Exercise data START

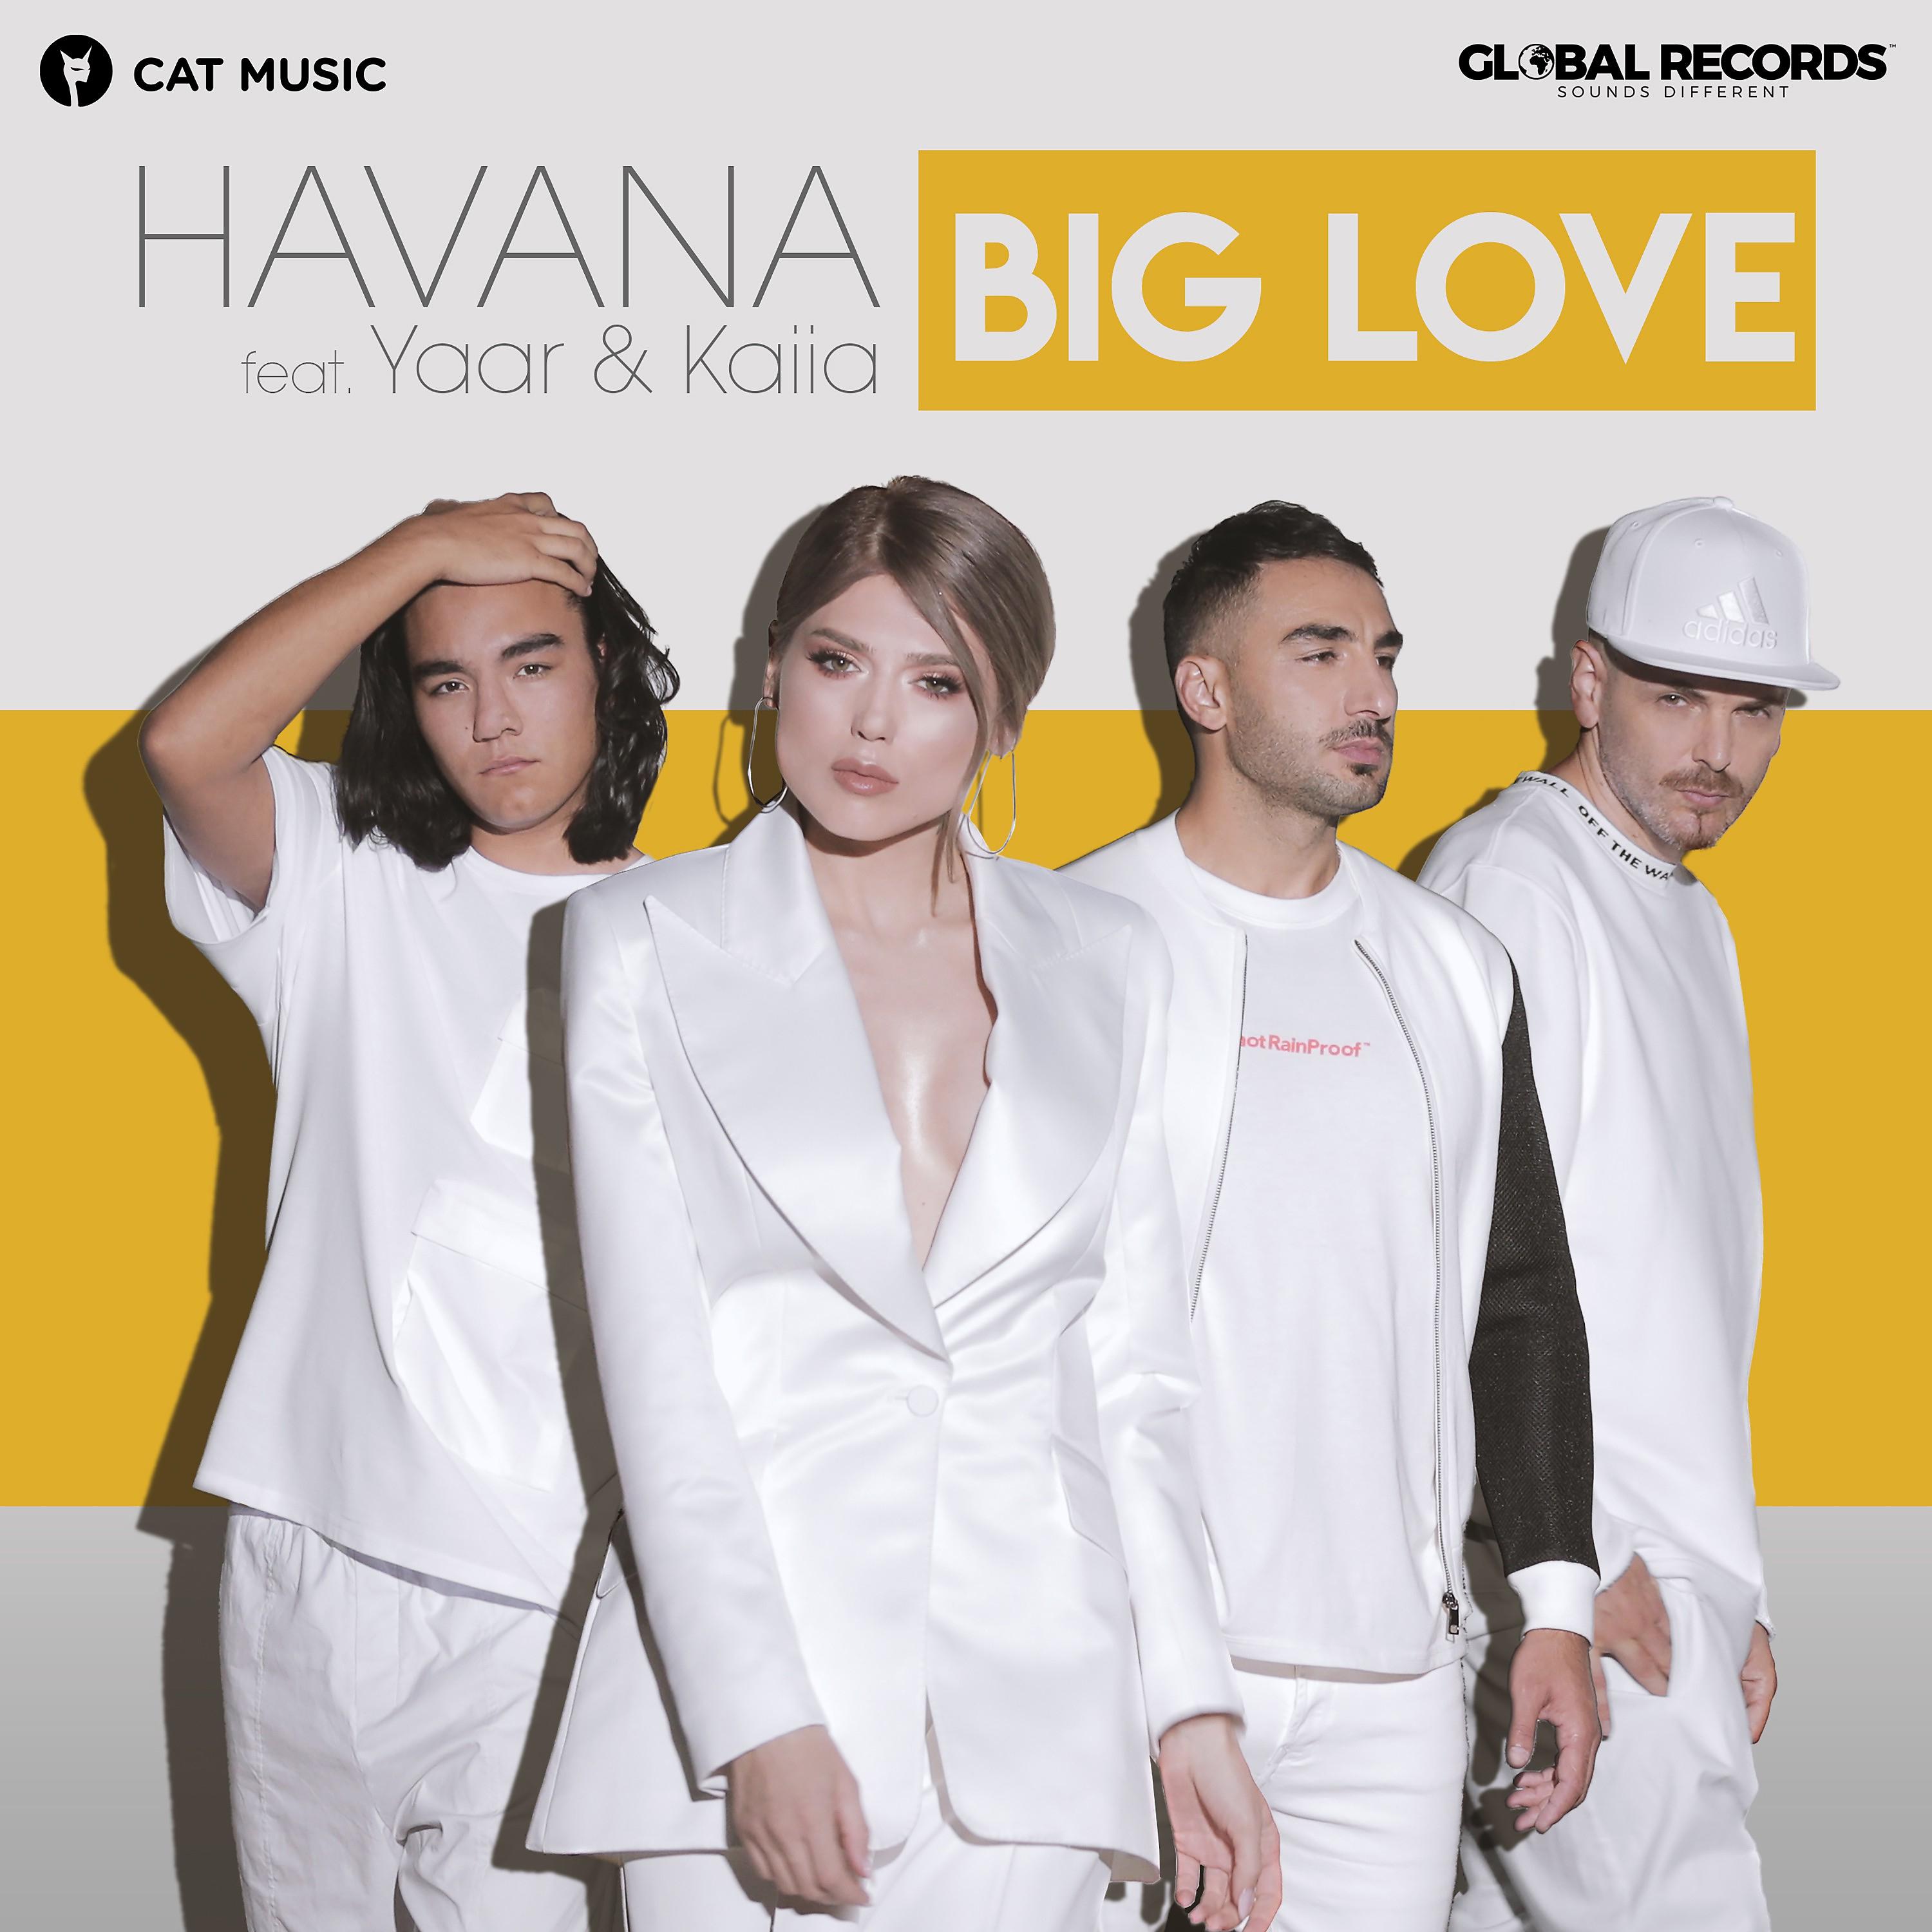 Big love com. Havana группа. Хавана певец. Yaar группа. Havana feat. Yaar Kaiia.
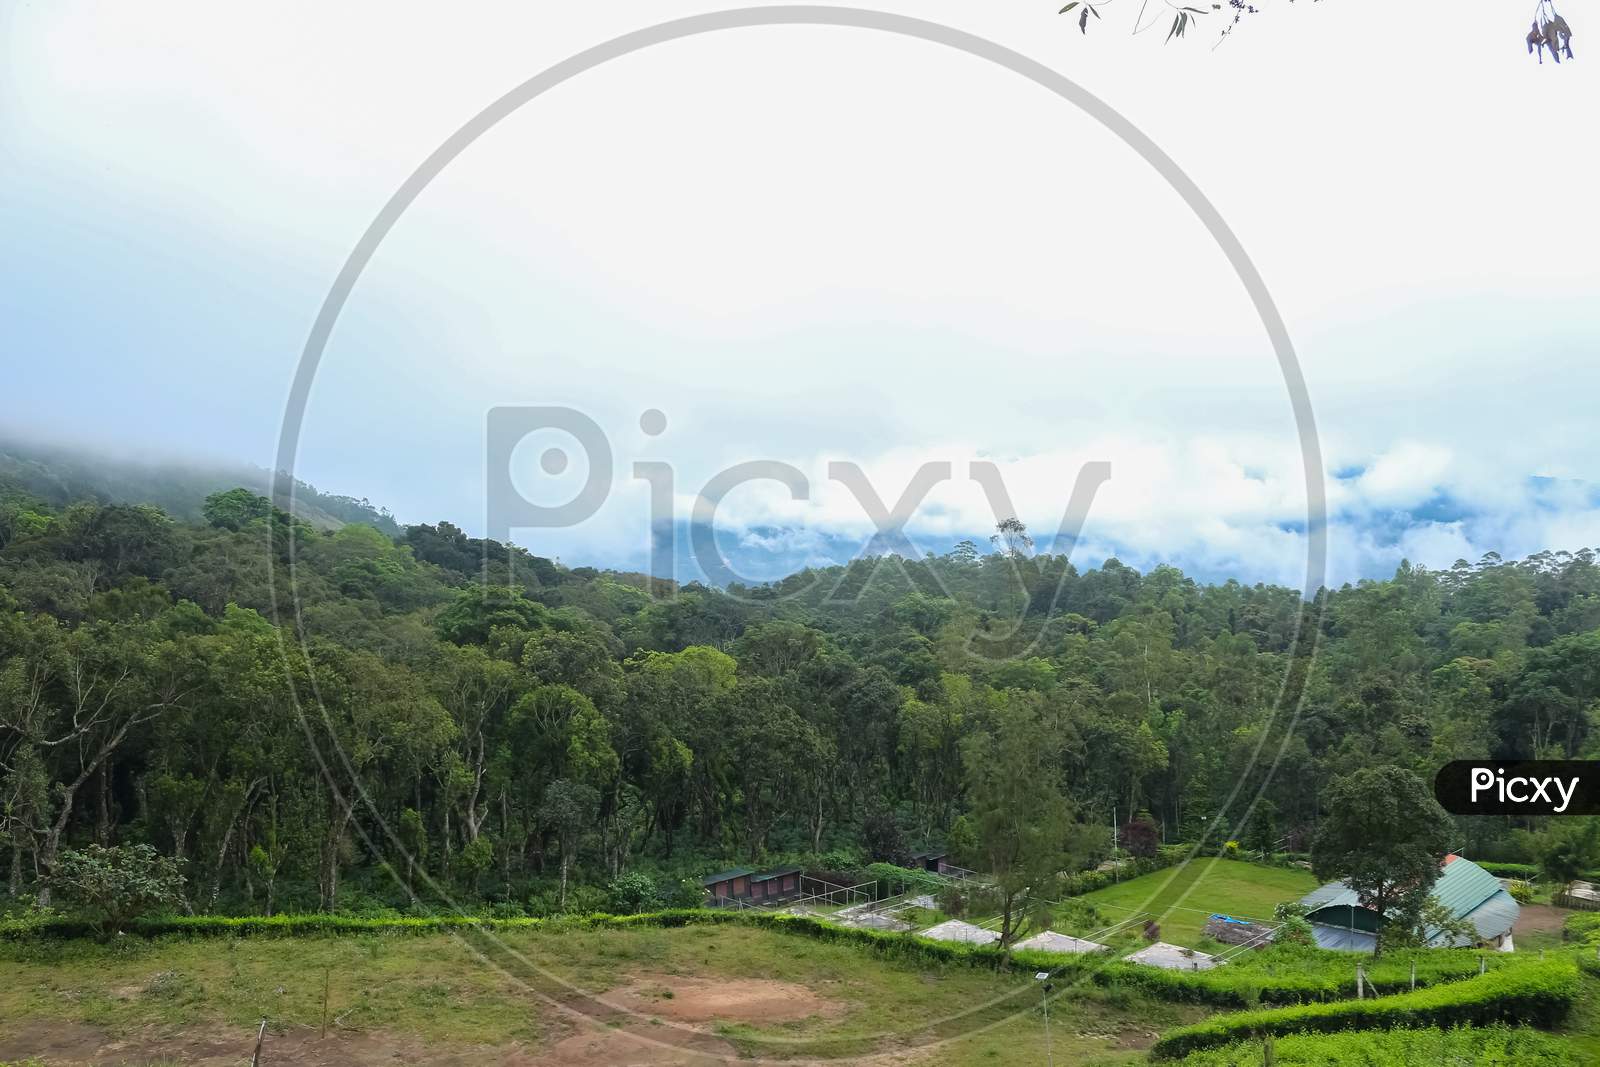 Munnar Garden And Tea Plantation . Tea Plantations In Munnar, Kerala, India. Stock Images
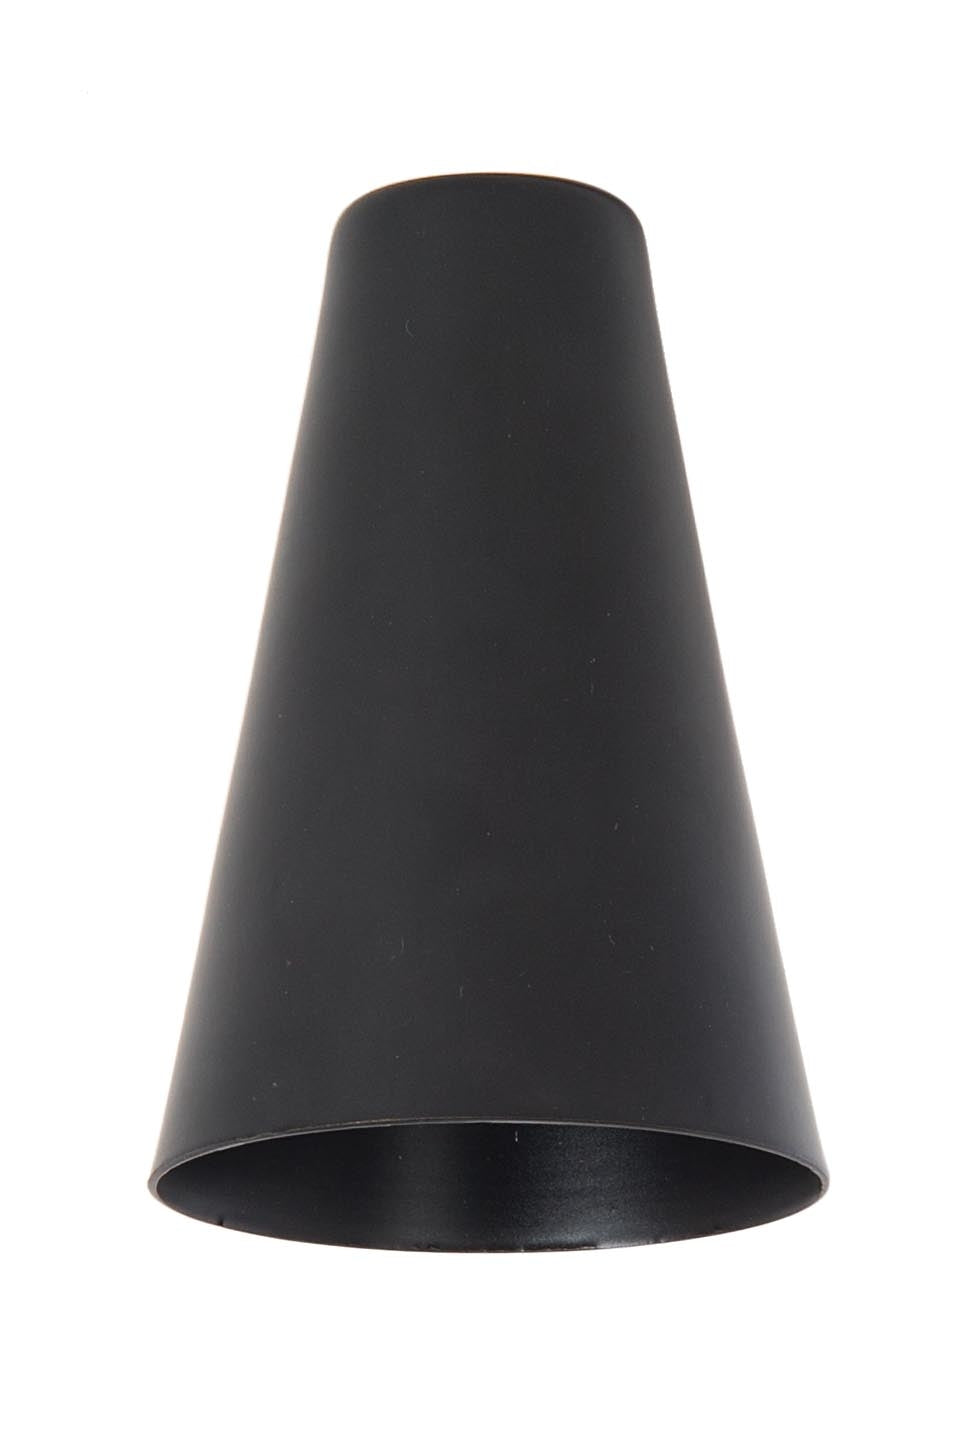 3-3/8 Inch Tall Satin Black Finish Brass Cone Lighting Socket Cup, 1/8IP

Exercise data END

[Task to complete] Transcribe all of the data above exactly; no picture belongs in the copy.

[Answer to this task]
 Big love com. Havana группа. Хавана певец. Yaar группа. Havana feat. Yaar Kaiia.
 Munnar Garden And Tea Plantation . Tea Plantations In Munnar, Kerala, India. Stock Images
 3-3/8 Inch Tall Satin Black Finish Brass Cone Lighting Socket Cup, 1/8IP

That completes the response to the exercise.